If you have an economic order, or a racially unjust order, that hurts the faith and hurts the family, and tears the family apart, then to fight against racism and to fight against economic injustice is to protect the family and therefore to protect the faith.

R&P: There are these deep ways in which these things are connected—the extreme example would be slavery ripping families apart. I’m not sure how easily you can separate them out.

RD: Well, slavery is the perfect example of that, and yet the black churches helped the slaves overcome even that injustice. It was in the name of Jesus that the black pastors and the civil rights leaders fought against that injustice. So you can’t separate these from Christianity. Christianity doesn’t exist outside of society.

I would just say that the right order of things is, if we lose the family, we lose everything else. I believe that we can’t have economic justice, and it’s a lot harder to have racial justice, if we don’t have the family.

R&P: Where is this all heading? Do you think secular mainstream culture will collapse, and then the Benedict Option is waiting?

RD: I expect things to continue to unwind.
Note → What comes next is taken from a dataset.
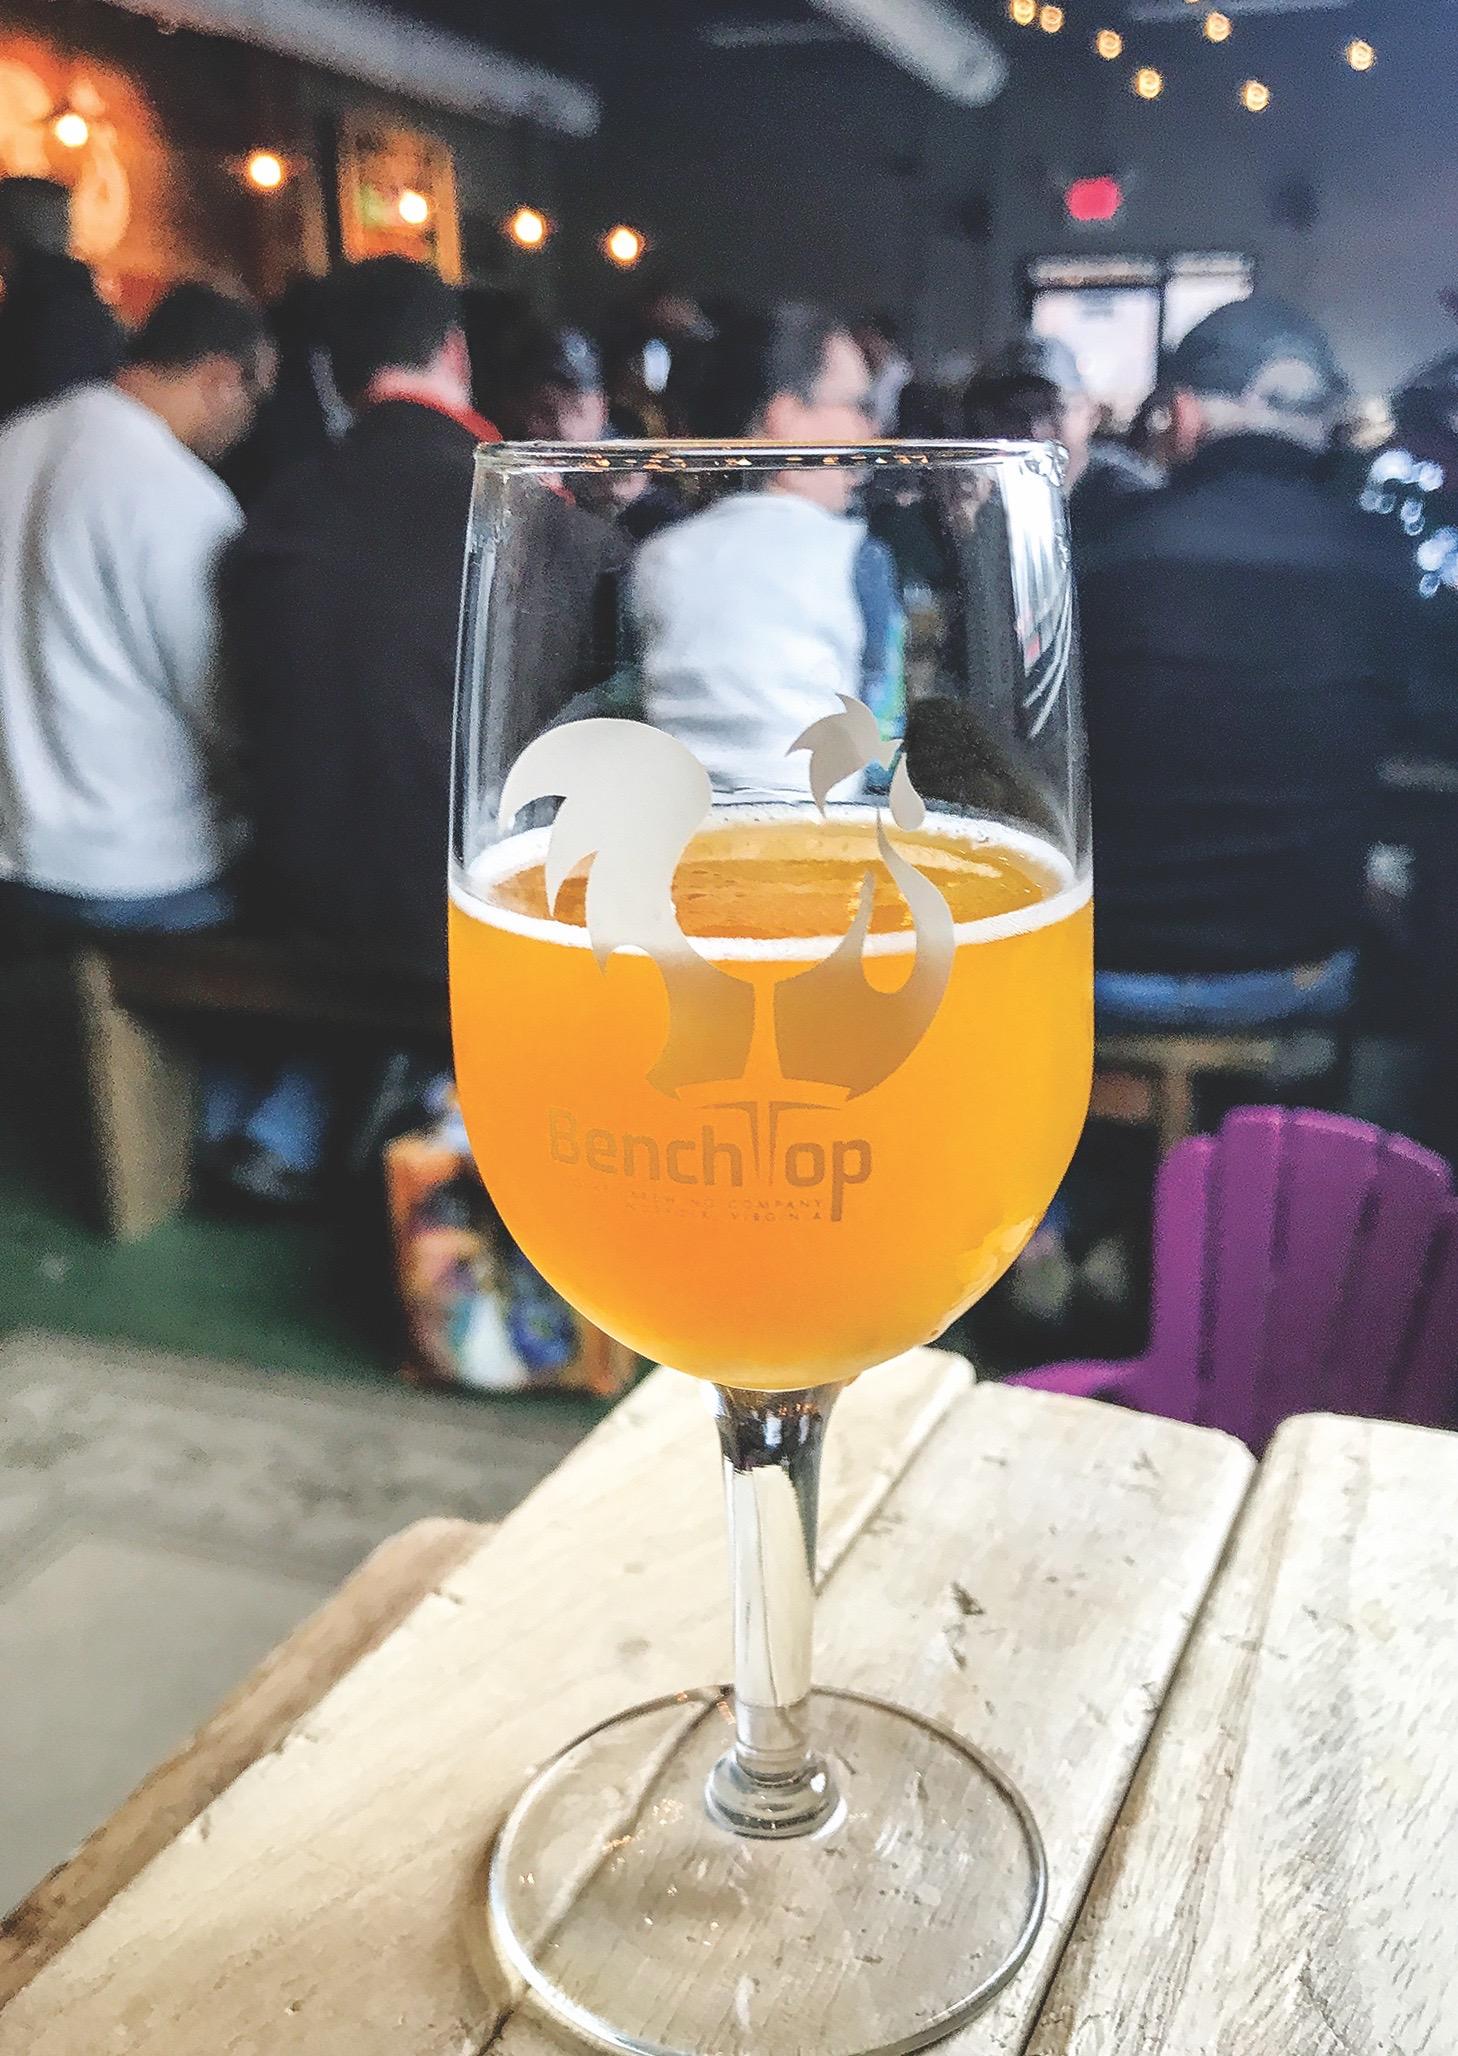 Benchtop Brewing Norfolk, craft beer Virginia

If we have an economic crash, a serious economic crash, I think then we will come to understand how much of our society was held up by money, and how the loss of social bonds and social solidarity has cost us. It’s made us much less resilient and much less likely to care for our neighbors.

Even if economic times continue to be good, I think that we’ll see the public square becoming ever more toxic, certainly more hostile to Christian conservatives. I don’t know that we’ll ever reach the level in this country of secularism that they have in Europe. We may, and we have to prepare for that.

We just have to hope that we do the best we can at the time God has given us, and hope that the church can be an ark for people who are refugees from however the culture war turns out.